Словно угадав Колькины мысли, Рябошапко рассудительно произнес:

– Отсюда они, считай, и сами до Ольгина доберутся. Главное – перейти канал. А у них, наверное, ни багорчика путящего нет, ни шкерта.

– Что ж, пошли, – равнодушно согласился Колька. – Встретим их на той стороне канала.

Закинули автоматы за спины, удлинили фал, которым были связаны, увеличив дистанцию меж собой. Теперь уже тщательно ощупывая багром каждый сантиметр пути, Рябошапко осторожно ступил на молодой лед Морского канала. Его чернота пугала подледною глубиной. Ноги не находили надежной опоры на ребристой ряби застывшего ветра, приходилось не идти, а скользить по льду частыми маленькими шажками. Лед потрескивал под ногами резко и неожиданно, точно в нем рвались, перенапрягшись, какие-то жилы. Колька и мичман замирали на полушаге, торопливо осматривались, потом, переведя дыхание и пересилив страх, скованность ежеминутного ожидания опасности, двигались дальше.

Мысли уже не растекались, как час назад. Они неожиданно превратились в узкие, целенаправленные и недалекие, как луч карманного фонаря. К черту Вселенную! Она, эта Вселенная, приобрела вдруг для Кольки и мичмана конец и начало, ограничилась той скупою площадью темноты, в пределах которой лопались шумно под тяжестью их шагов морозные связки льда. Каждая мысль была привязана к следующему шагу и обрывалась в концах невидимых трещин. Думать стало не о чем: надо было идти.

Когда впереди вспыхивали над близким горизонтом ракеты, их отсветы тяжелым багрянцем ложились на черный, точно отлакированный лед.

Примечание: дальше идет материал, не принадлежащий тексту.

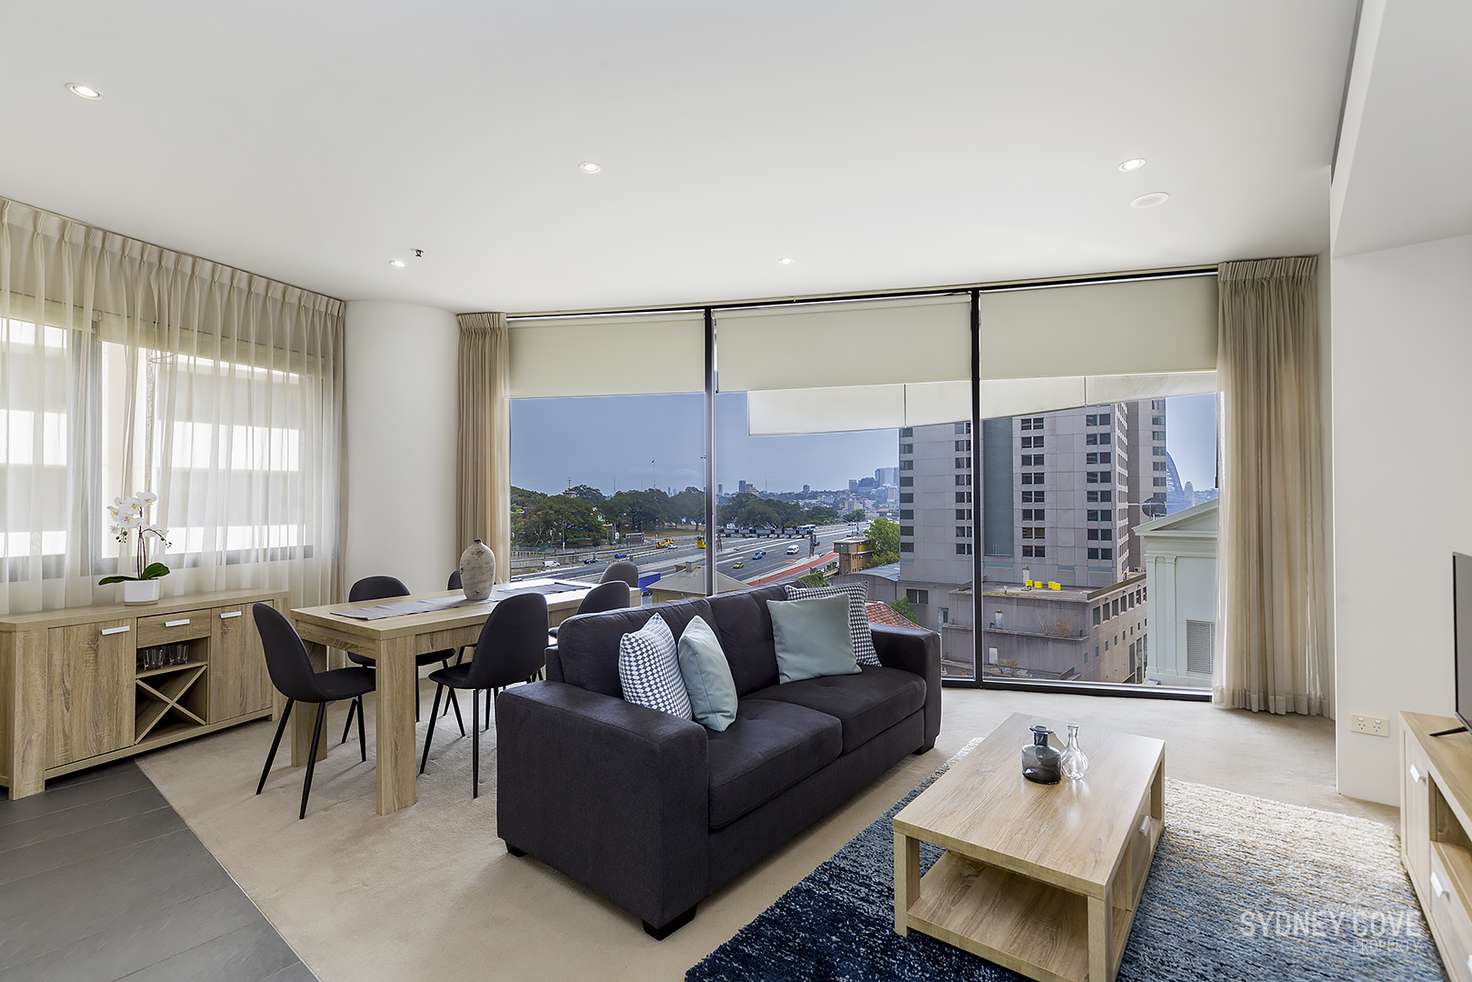 Main view of Homely apartment listing, 129 Harrington St, Sydney NSW 2000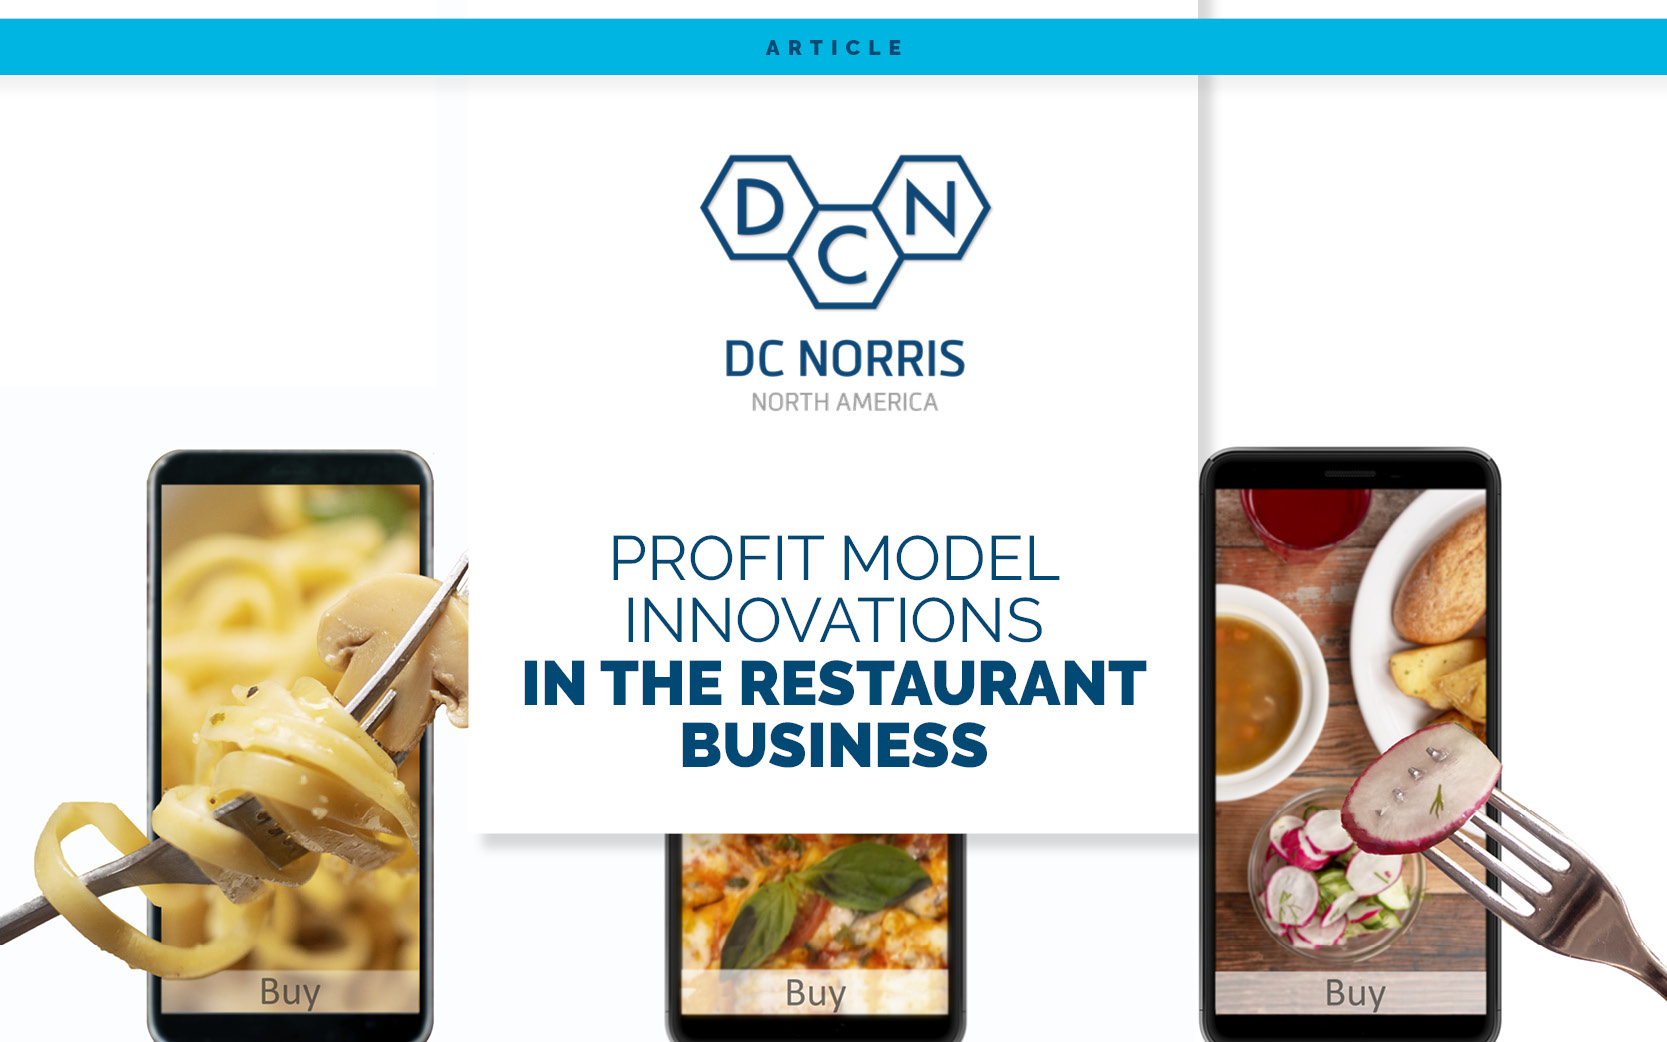 an image of food on cell phone screens with a call to 'buy now' showcasing the Profit Model Innovations in the Restaurant Business. Below the DC Norris North America logo.

Невольно тянуло присесть, вобрать голову, хоть Колька и понимал, что заметить с берега его и мичмана невозможно. Отсветы медленно съеживались на льду и гасли. Темень вокруг, глубина под ногами казались тогда еще более мрачными. На смену мыслям приходило гнетущее ощущение затерянности.

Канал они одолели минут за сорок. Когда, наконец, выбрались к новой гряде торосов – противоположной границе фарватера, Рябошапко облегченно вздохнул. Устало присел на замерзшую глыбу снега, привычно потянулся за табаком. Но, видимо, вспомнил, где они и зачем, потому что тут же спрятал кисет обратно.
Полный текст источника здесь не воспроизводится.